June 8, 2016 – Oil prices hit fresh 2016 highs today on Nigerian supply concerns and a weaker dollar, as traders awaited energy inventory data from the United States, the world’s biggest crude consumer.

Traders are expecting the US Department of Energy’s weekly update to show another drop in crude stockpiles, which should firm oil prices further after having already rocketed by more than 90 per cent in value since February.

Oil has surged in recent months, in part owing to a drop in the US currency that has made dollar-denominated crude cheaper for holders of the rival units.

It has gained also on lower oil production in Canada and Nigeria caused by wildfires and unrest respectively.

Prior to the strong rebound, oil futures had struck near 13-year low points in February. This was after a sustained months-long drop in prices from around US$100 a barrel because of a global supply glut.

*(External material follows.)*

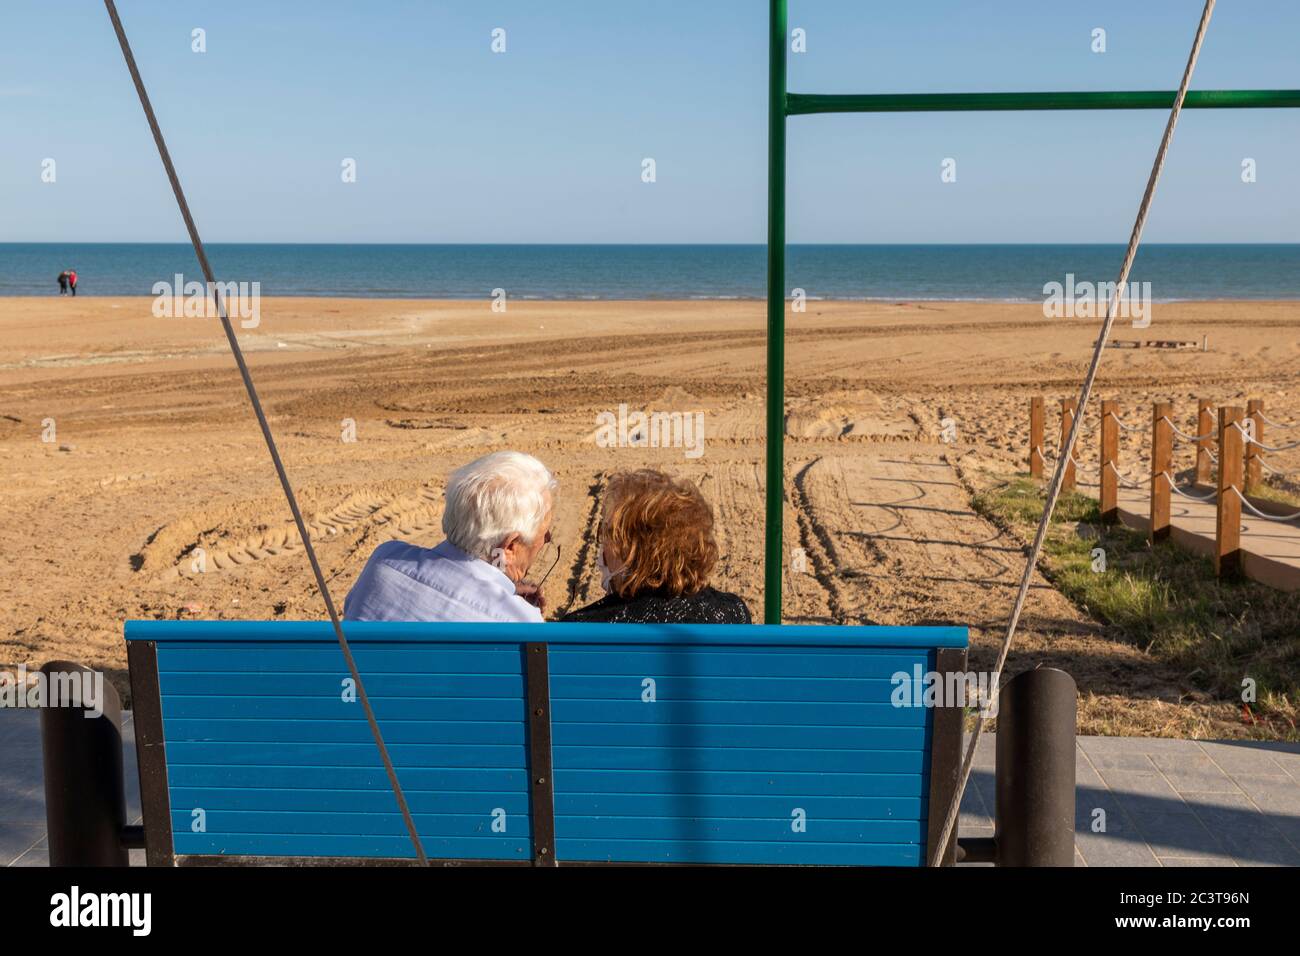 Elderly couple enjoying their time sitting on a bench overlooking the beach Porto Empedocle, Agrigento, Sicily, Italy Stock Photo
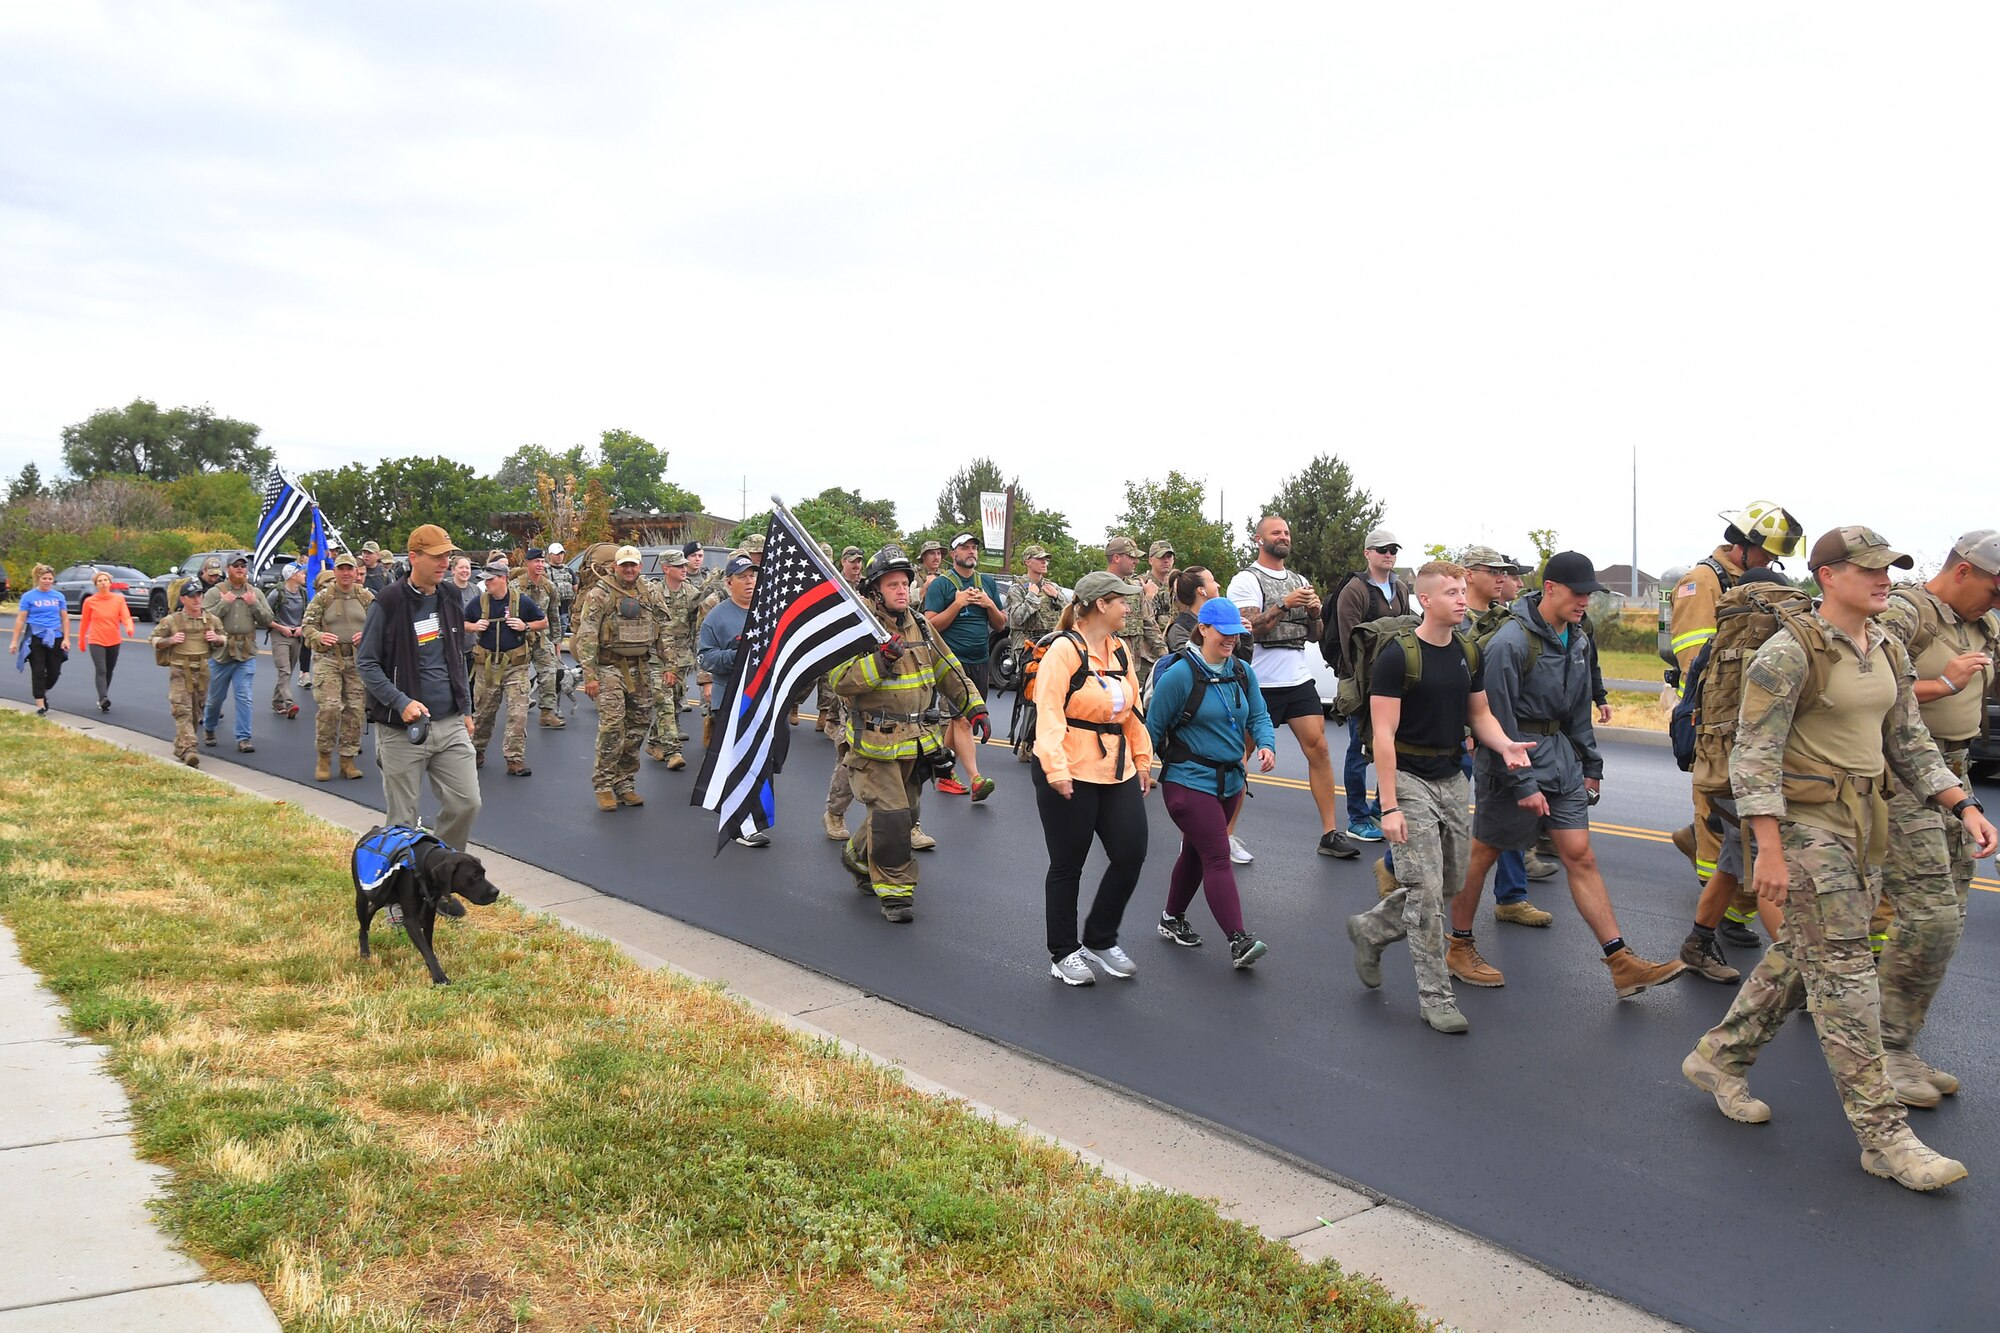 Participants begin their walk of 9.11 miles, some with 30-pound packs or firefighter gear, during 9/11 Memorial Ruck March, in Kaysville, Utah, Sept. 11, 2019. The event was co-sponsored by Hill Air Force Base first responders and fire and police departments from Kaysville and Layton, to honor and remember the fallen from the events of Sept. 11, 2001. (U.S. Air Force photo by Todd Cromar)

The impact of the sharp falls has been felt by energy majors across the world, with Russian oil giant Rosneft reporting an 80-per cent drop in net profits for the first quarter.

But today, approaching the end of the second quarter, benchmark oil contract Brent North Sea crude reached US$52.34 a barrel – the highest level since October.

US contract West Texas Intermediate (WTI) struck US$51.15 a barrel, a high since July.

Later around 1220 GMT, Brent North Sea crude for delivery in August stood at US$52.24 a barrel, up US$0.80 from Tuesday’s close.

WTI for July delivery won US$0.65 to US$51.01 a barrel. On Tuesday it had finished above US$50 a barrel for the first time since July.

“A day after both crude benchmarks registered their first simultaneous close above the $50 a barrel level, Brent and WTI are making further headway after the Nigerian militant group responsible for a series of oil attacks snubbed the government’s offer to start talks,” oil brokers PVM said in a note to clients.